Más allá de las encuestas, lo que sobresale es la pregunta por la calidad de los mecanismos de control interno: declaraciones patrimoniales, fiscalización y procesos de designación que no evitaron que funcionarios con supuestas incompatibilidades ocupen cargos clave. Las investigaciones judiciales y las decisiones administrativas han comenzado a correr, pero todavía falta que el sistema democrático y judicial complete los procesos para esclarecer responsabilidades.

El Ejecutivo, que llegó con una consigna de “moralizar” la política, enfrenta ahora la obligación práctica de demostrar cómo aplicará esa moralidad cuando los casos afectan a su propio aparato. La respuesta oficial en las próximas semanas —renuncias, remociones, colaboración con la Justicia o defensas públicas— marcará si la crisis se contiene o se profundiza.

Cierre: en los próximos meses las investigaciones judiciales y los sondeos definirán si la crisis de credibilidad se traduce en consecuencias políticas concretas.

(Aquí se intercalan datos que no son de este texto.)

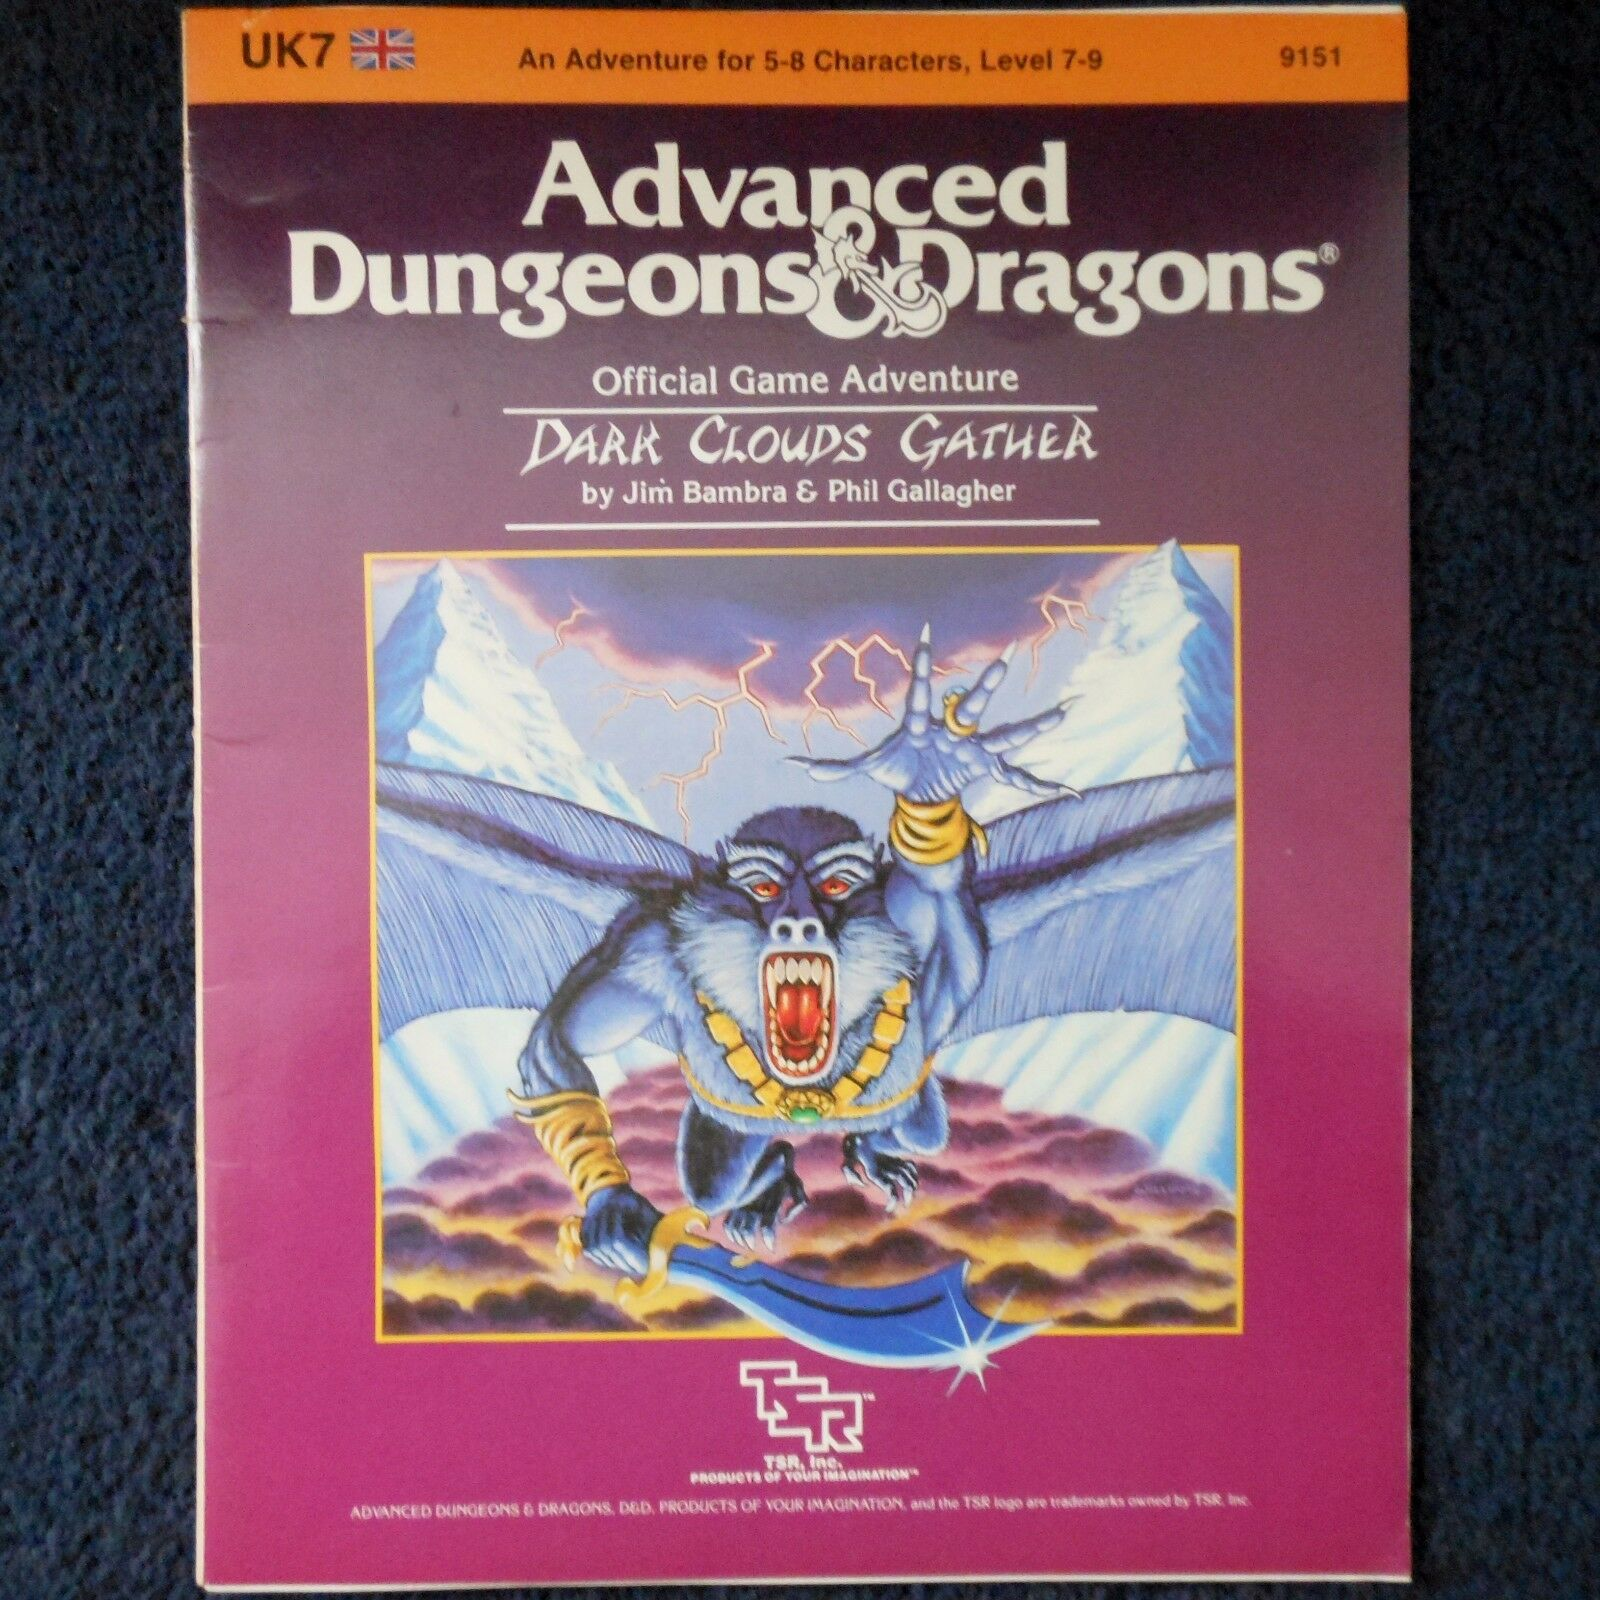 UK7 Dark Clouds Gather Advanced Dungeons & Dragons Adventure Module D&D 9151 TSR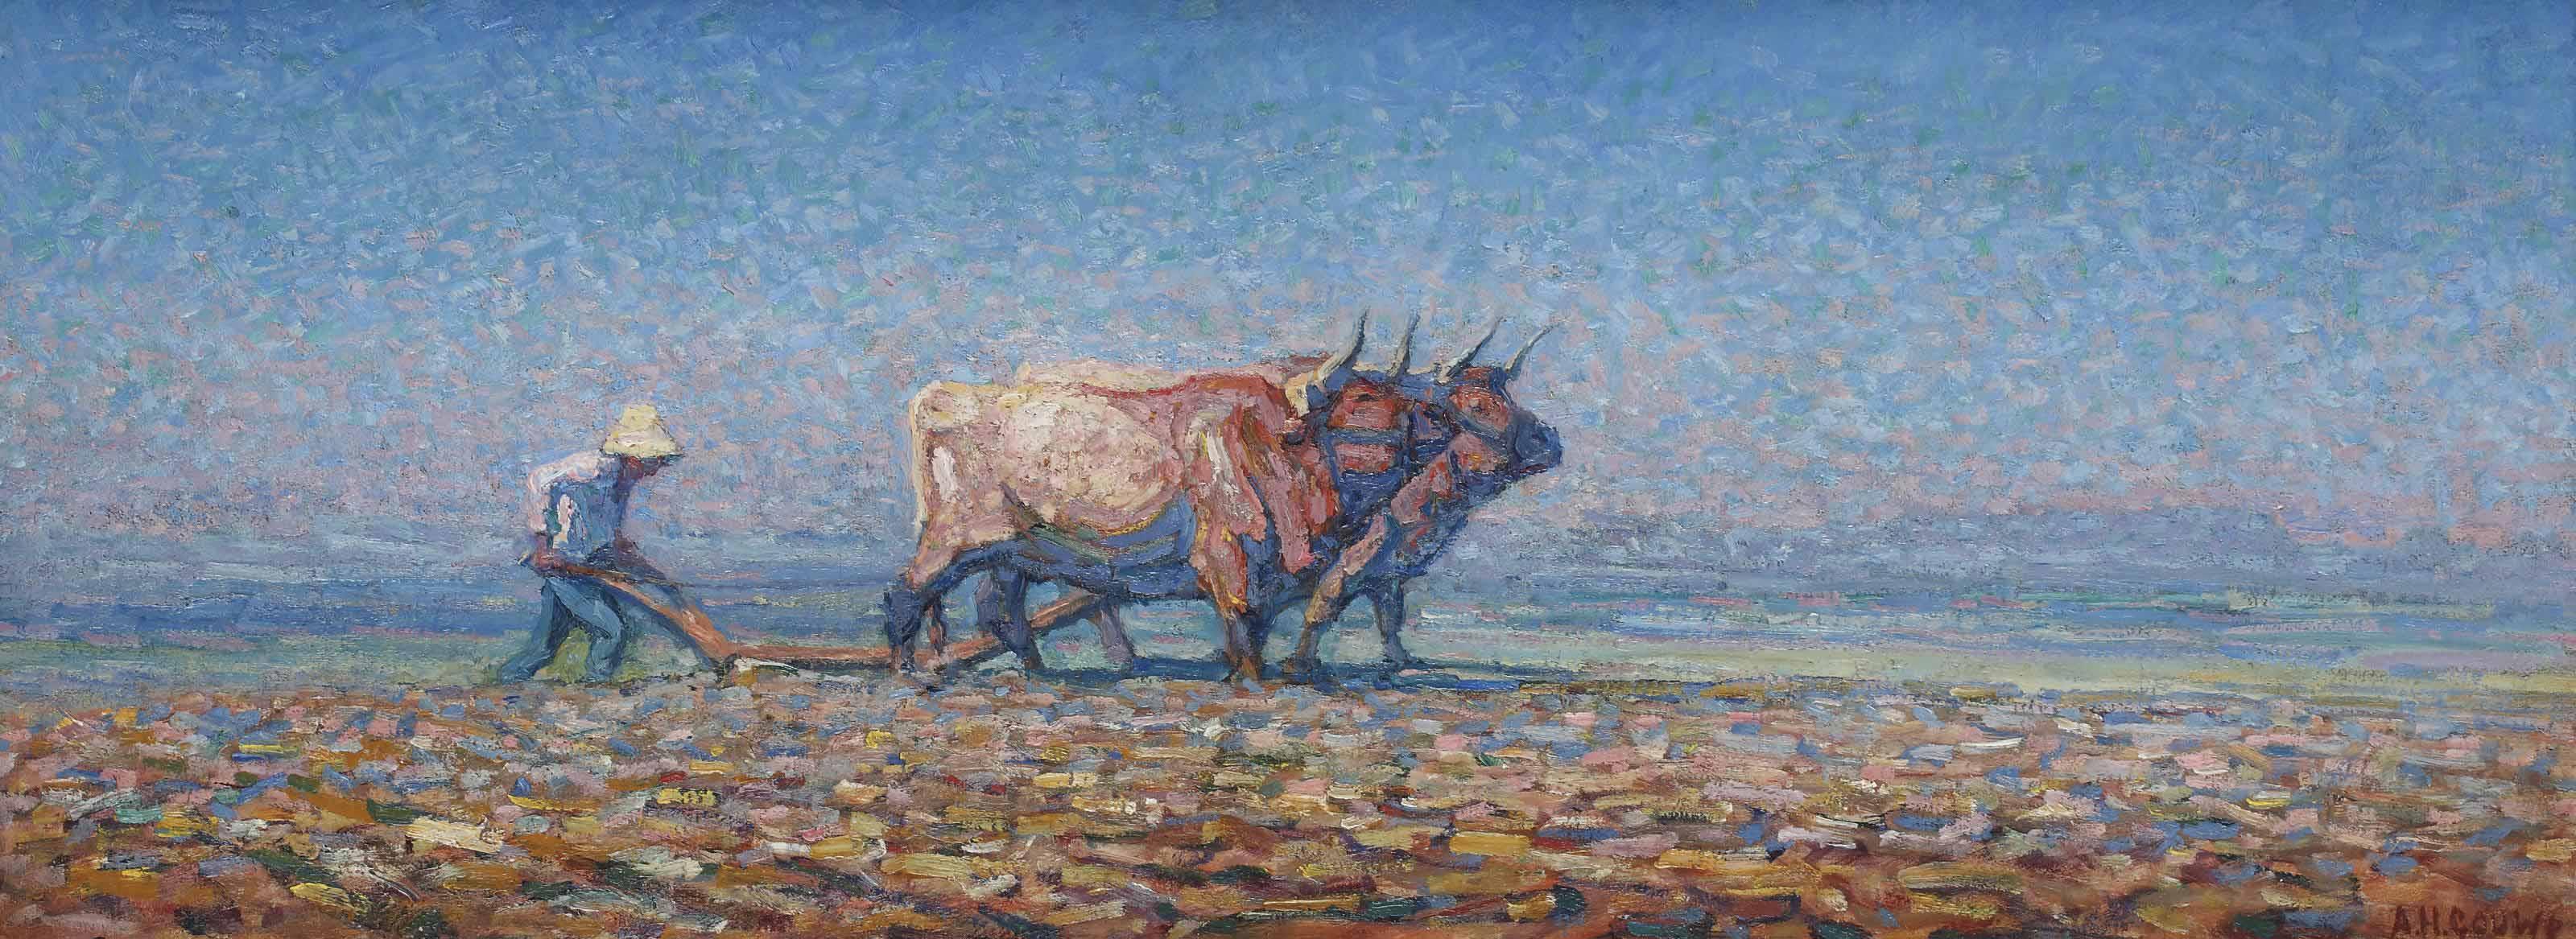 Ploughing farmer

Para el Gobierno, la prioridad será reconstruir controles internos y presentar resultados creíbles; para la oposición y una opinión pública preocupada por la corrupción, la demanda será transparencia y sanciones efectivas. El resultado condicionará la capacidad de Milei para seguir impulsando su agenda económica y, sobre todo, la narrativa que lo llevó al poder.